The effect of the size of the beam footprint on the crystal has been studied with 35.49 keV photons at the 125Te nuclear resonance. The instrumental functions shown in Fig. 5 (bottom)[link] are measured with a vertical beam size of 0.4 mm and horizontal beam sizes of 0.5, 1 and 1.5 mm. A pronounced degradation of the energy resolution from 1.1 meV to 2.1 meV is observed. The heat load cannot explain such degradation since the effect is much more pronounced than in the previous case while the absorbed power (0.6-2 mW) is smaller at this energy. In addition, the instrumental function becomes asymmetric, probably due to illumination of the crystal parts with slightly mismatched lattice constants. Thus, the increase of the beam spot size significantly influences the performance of the monochromator with non-ideal sapphire crystals.

For nuclear inelastic scattering experiments with the sapphire BSM the measurement of the sapphire temperature with mK precision is a crucial point. In the current set-up the temperature sensor was installed in the nitrogen gas measuring the temperature of the sapphire via convection heat exchange between the gas and the crystal. Scanning the temperature up and down with a typical rate of 1 K h-1, we did not find any difference in the shape of the nuclear inelastic spectra and the resolution functions, which shows that such a rate is slow enough to achieve thermal stability in the cryostat. On the other hand we found that the temperature where the elastic nuclear resonance scattering has been observed depends linearly on the incoming flux. The proportionality coefficient was obtained for each reflection and was taken into account in the energy calibration. The temperature difference between the sensor and the scattering part of the sapphire crystal was about 50 mK per 1 mW of absorbed power for all energies.

The measured nuclear inelastic spectra from the samples with isotopes of 119Sn, 149Sm and 151Eu were compared with the spectra measured using multiple-crystal Si HRMs (Chumakov et al., 1998[Chumakov, A. I., Barla, A., Rüffer, R., Metge, J., Grünsteudel, H. F., Grünsteudel, H., Plessel, J., Winkelmann, H. & Abd-Elmeguid, M. M. (1998). Phys. Rev. B, 58, 254-257.]; Barla et al., 2004[Barla, A., Sanchez, J. P., Haga, Y., Lapertot, G., Doyle, B. P., Leupold, O., Rüffer, R., Abd-Elmeguid, M. M., Lengsdorf, R. & Flouquet, J. (2004). Phys. Rev. Lett. 92, 066401.]) and showed coincidences in the limit of 5% in the energy calibration. The discrepancy is probably related to uncertainty in the thermal expansion coefficients.

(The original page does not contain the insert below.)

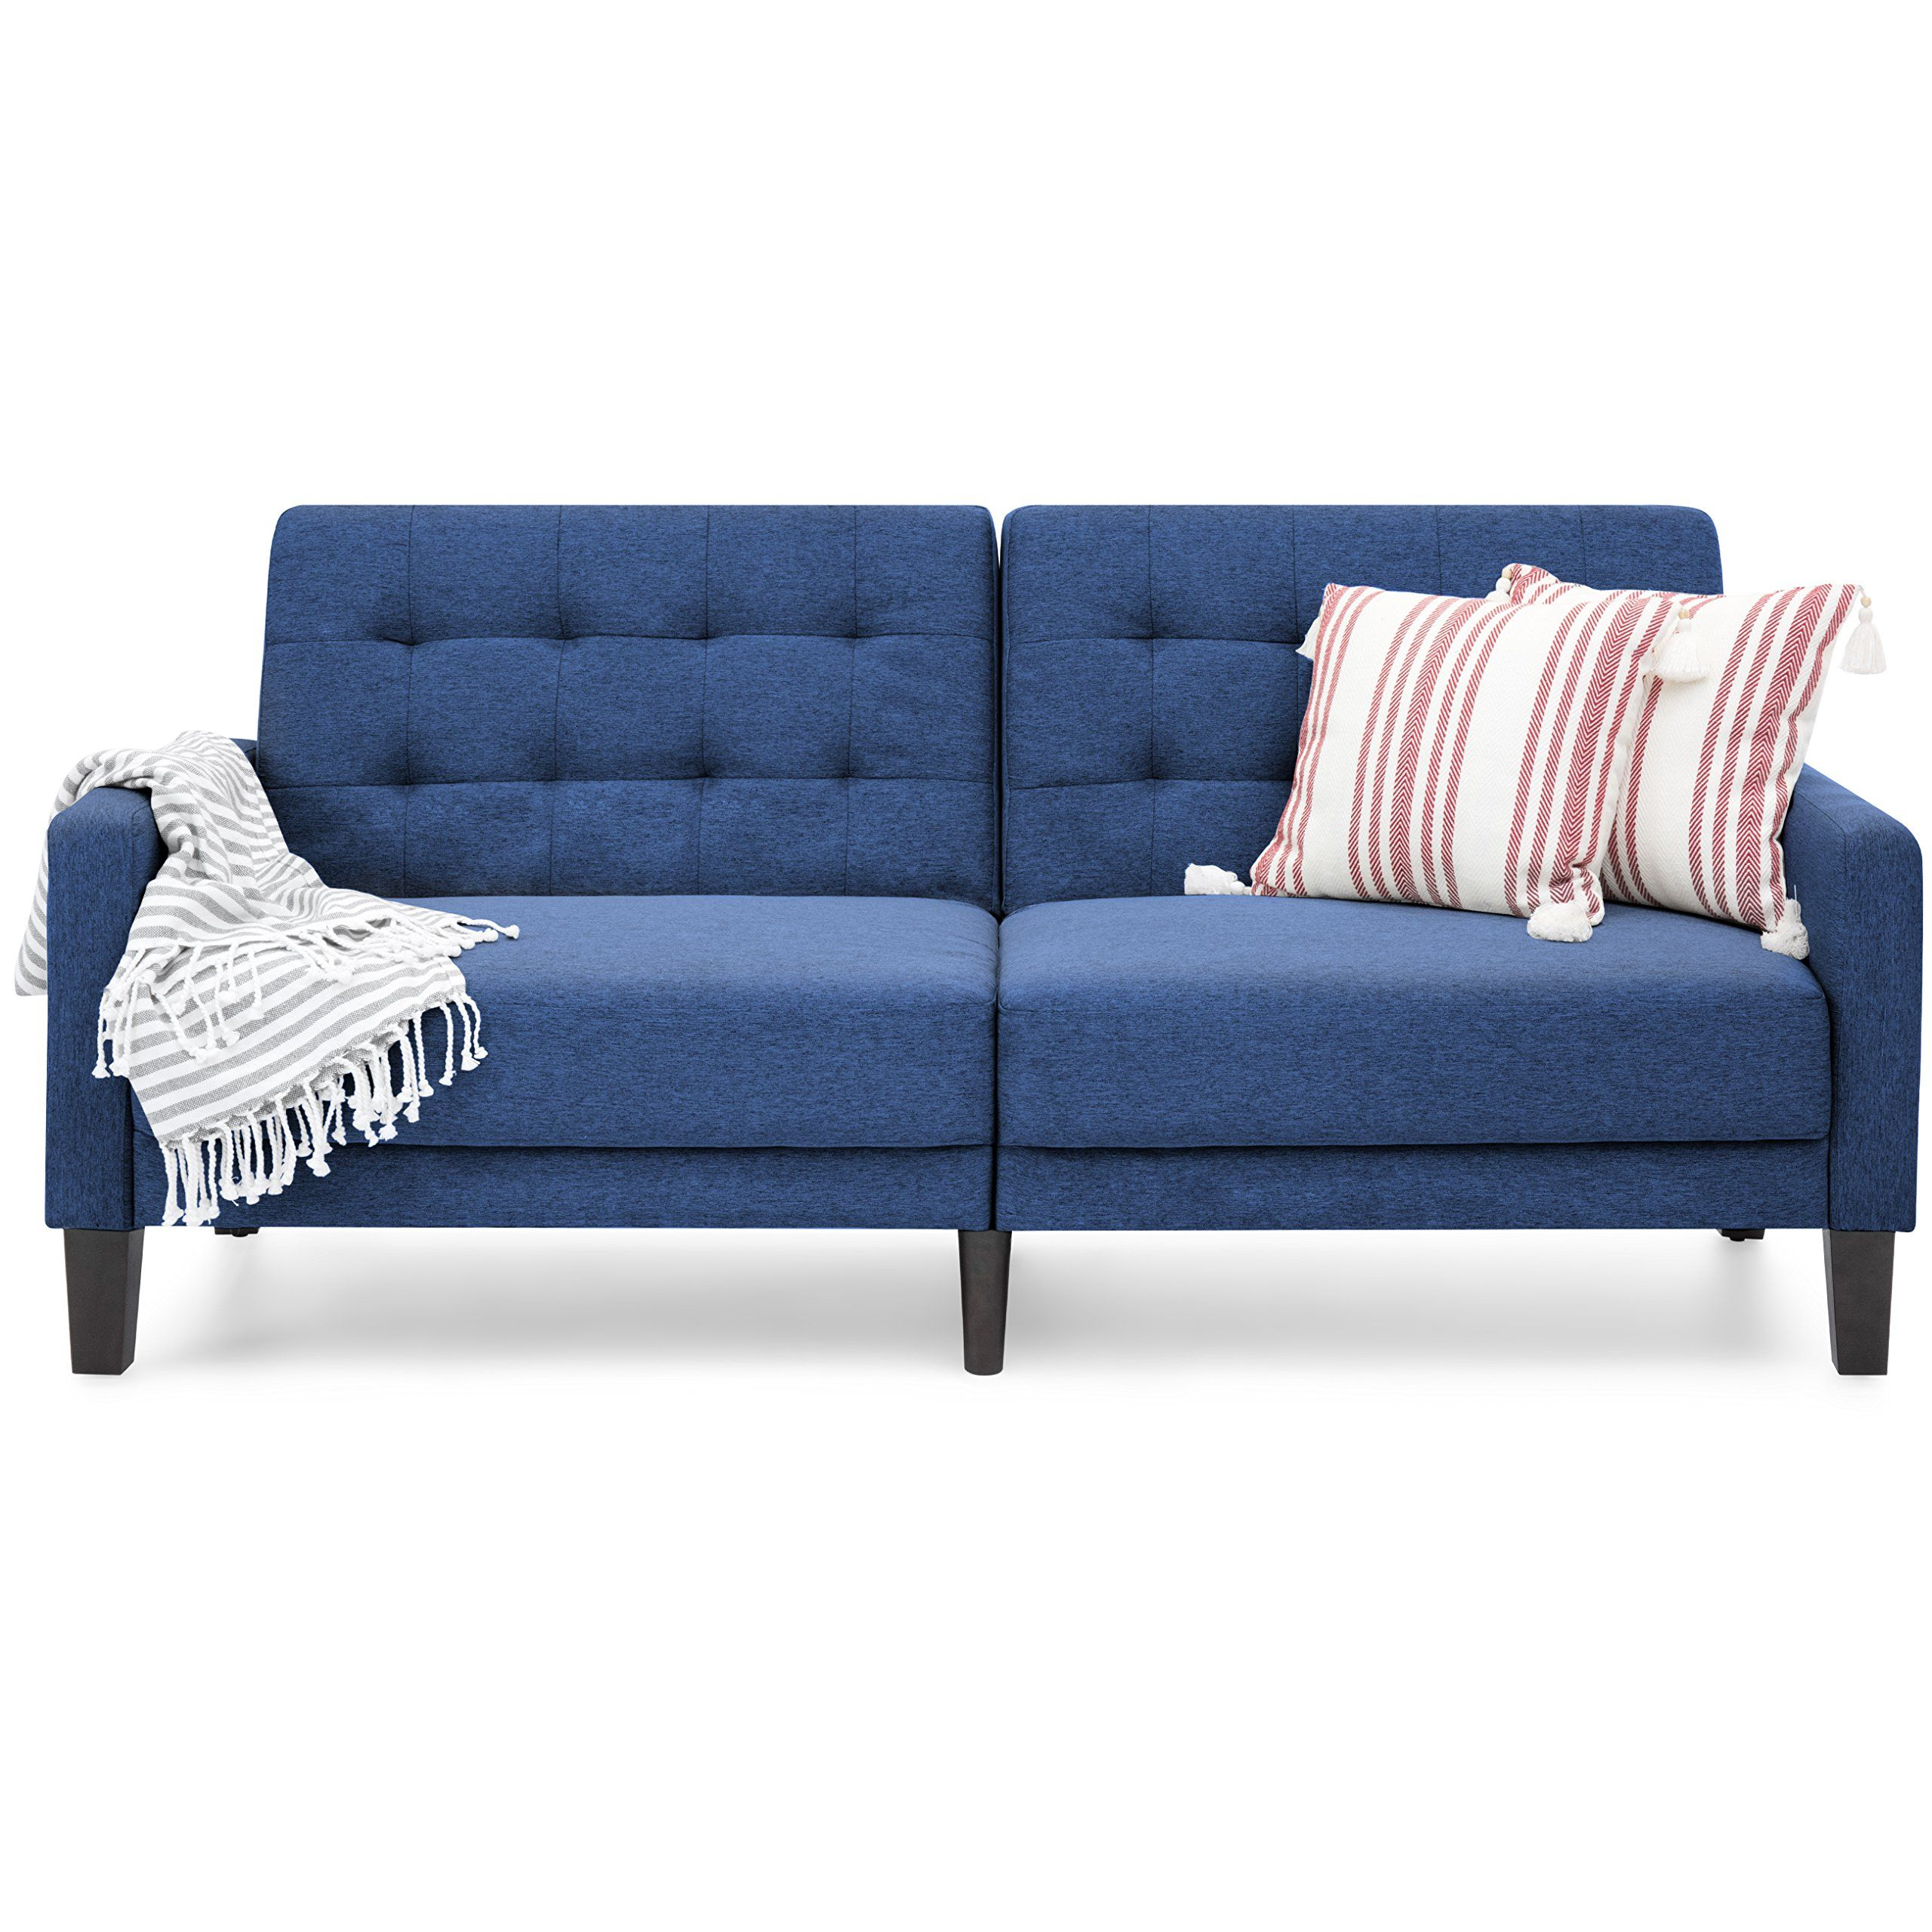 Astonishing Linen Tufted Convertible Sofa Futon Sleeper Versatile Split Machost Co Dining Chair Design Ideas Machostcouk

Besides the energy bandwidth (FWHM) of the resolution function, the tails are important for the practical use of the monochromator. Fig. 6[link] shows the instrumental functions measured by NFS (on a logarithmic scale) for the tested nuclear resonances as compared with the theoretical simulation of the reflectivity. The tails follow the E-2 energy dependence similar to the theoretical curves. However, they are enhanced in magnitude, probably because of diffuse scattering on defects in the sapphire. The main factor affecting the magnitude of this enhancement in the tails is the crystal thickness along the beam for the chosen reflections. A clear difference is seen for the tail enhancement for ~1 mm and ~2 mm crystal thicknesses in Fig. 6[link]. This observation emphasizes the importance of limiting the thickness of the sapphire crystal used as monochromator.

[Figure 6]
Figure 6
Instrumental functions of the sapphire backscattering monochromator measured with NFS presented on a logarithmic scale. The data are scaled to have maximum spectral efficiency according to Table 2[link]. (a)-(e) denote the same isotopes as in Fig. 3[link]. The thin grey lines (red online) show simulation according to theory with the crystal thicknesses indicated in Table 2[link].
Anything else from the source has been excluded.